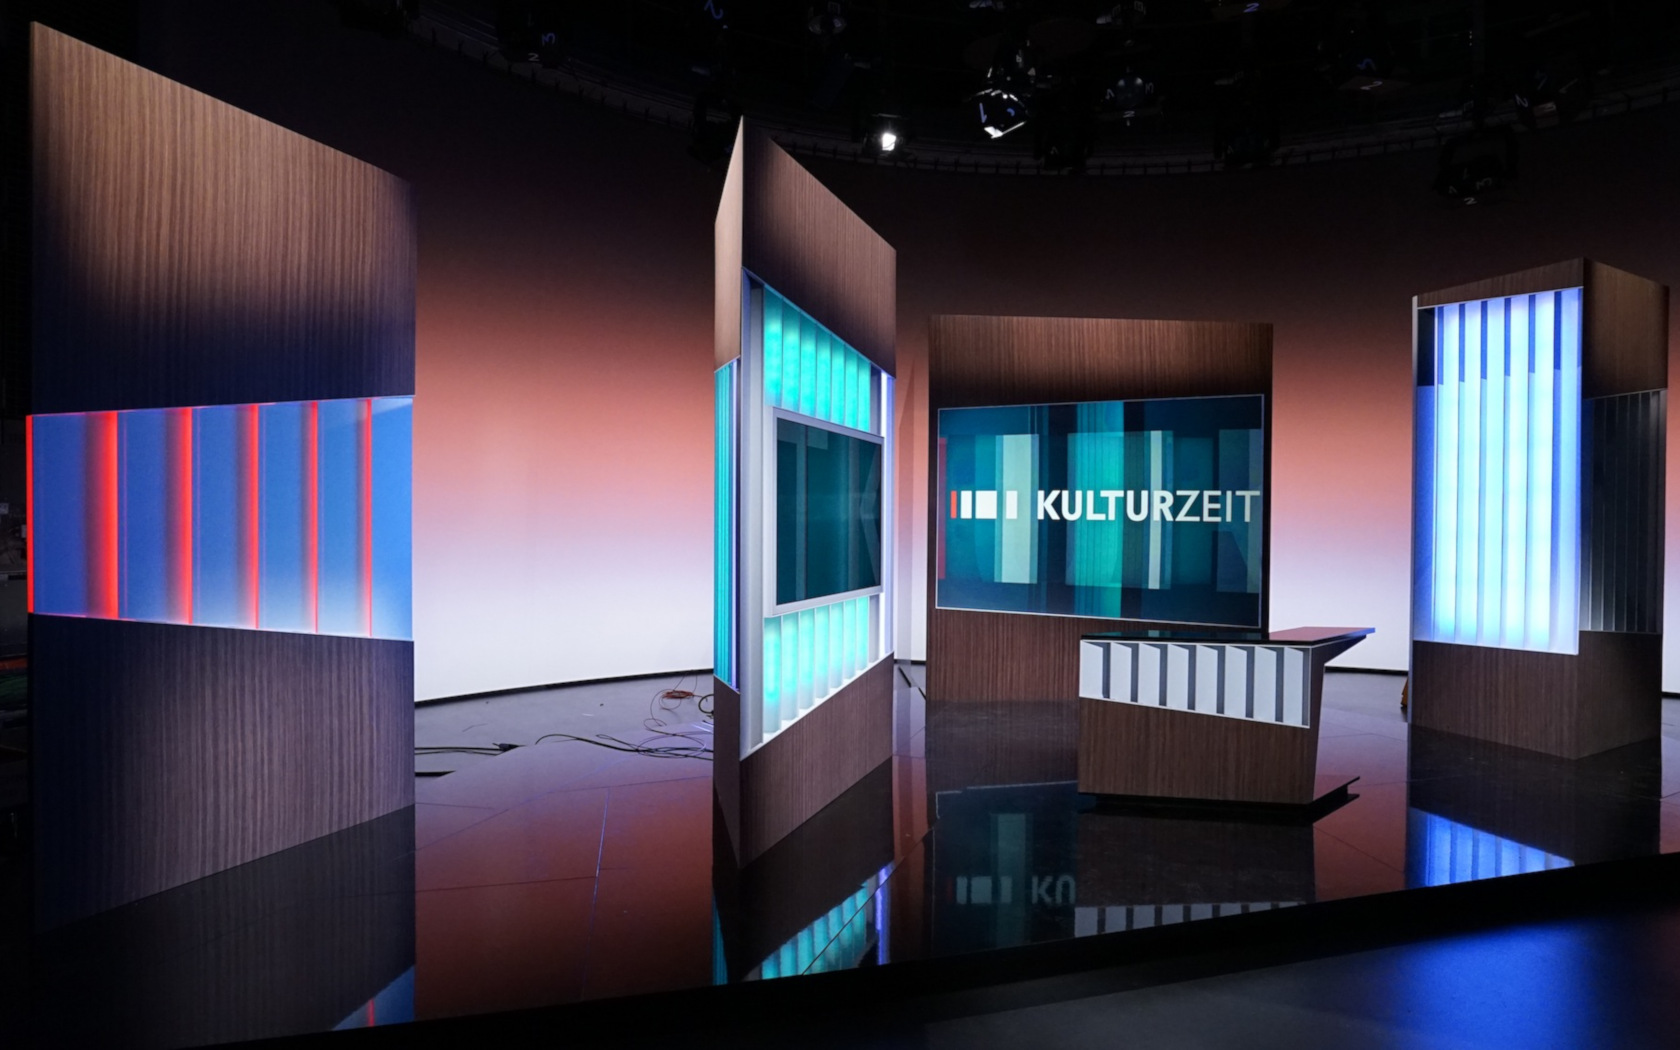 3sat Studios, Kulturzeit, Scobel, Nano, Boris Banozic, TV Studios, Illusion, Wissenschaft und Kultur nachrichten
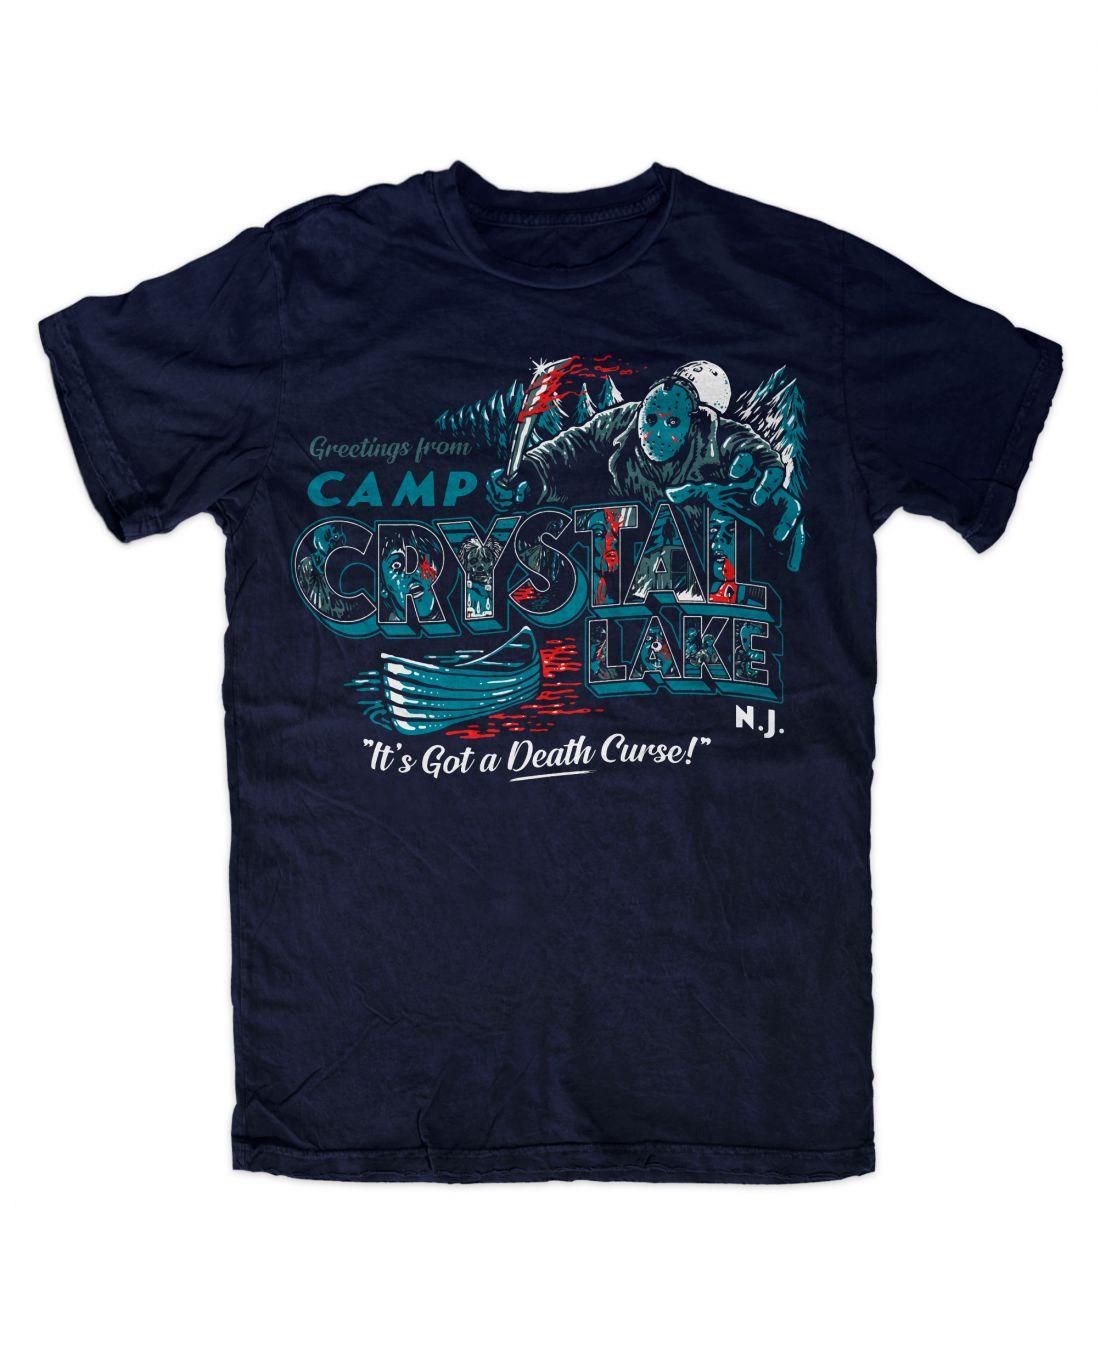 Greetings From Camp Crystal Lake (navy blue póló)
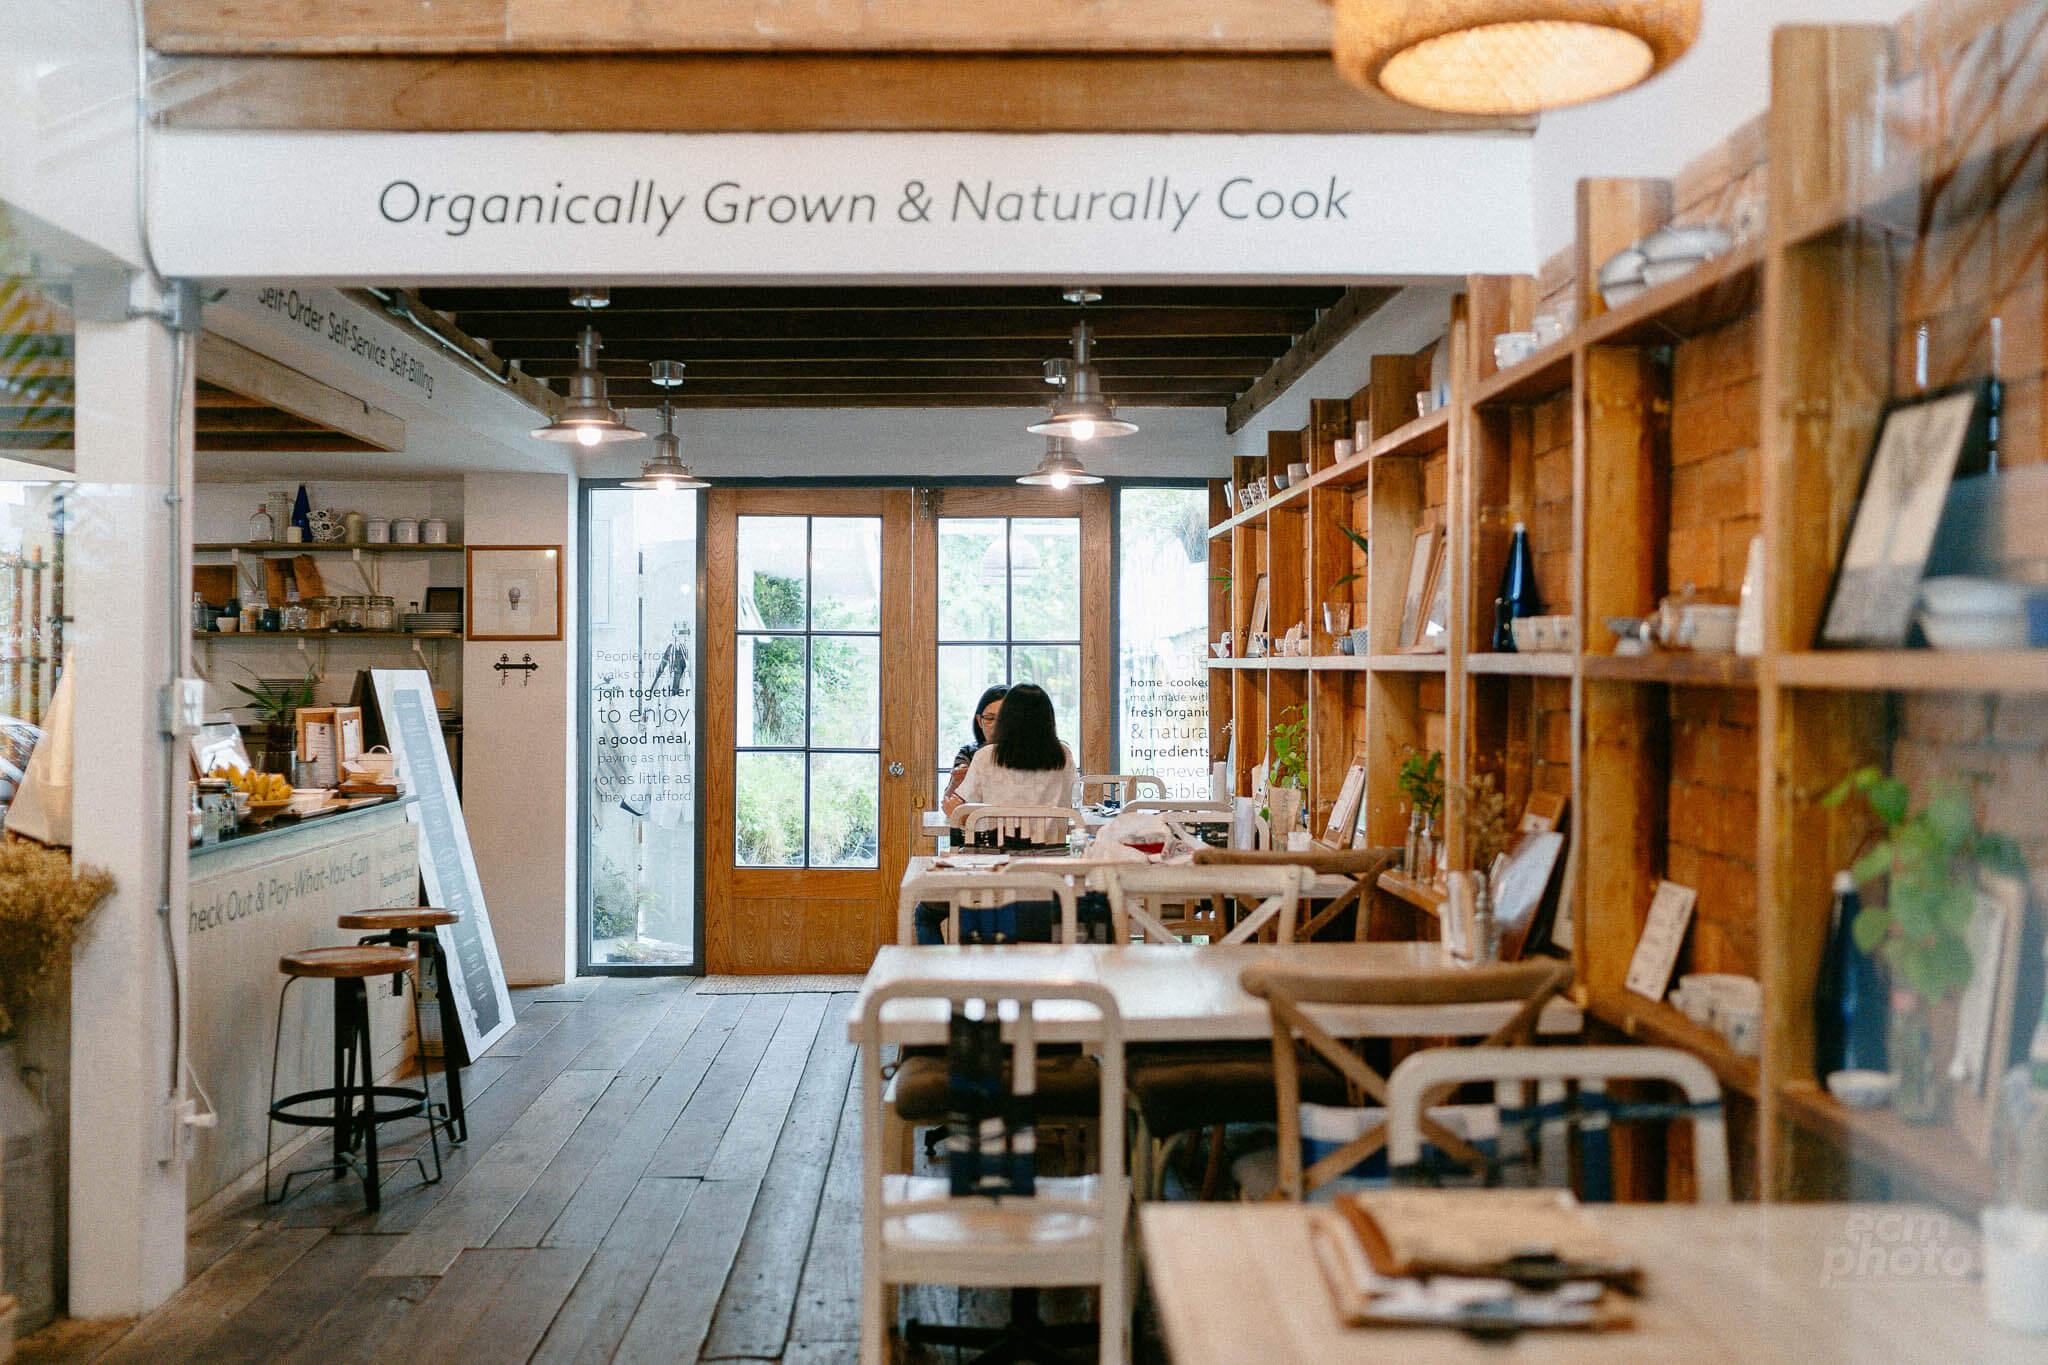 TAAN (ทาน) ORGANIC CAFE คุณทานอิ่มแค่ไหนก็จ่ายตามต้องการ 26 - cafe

___

▸ Directions for this task
Exclude all pictures and return precisely the lines from the one containing "Greetings From Camp" through the closing line of the data.

▸ Exercise answer
 Greetings From Camp Crystal Lake (navy blue póló)
 TAAN (ทาน) ORGANIC CAFE คุณทานอิ่มแค่ไหนก็จ่ายตามต้องการ 26 - cafe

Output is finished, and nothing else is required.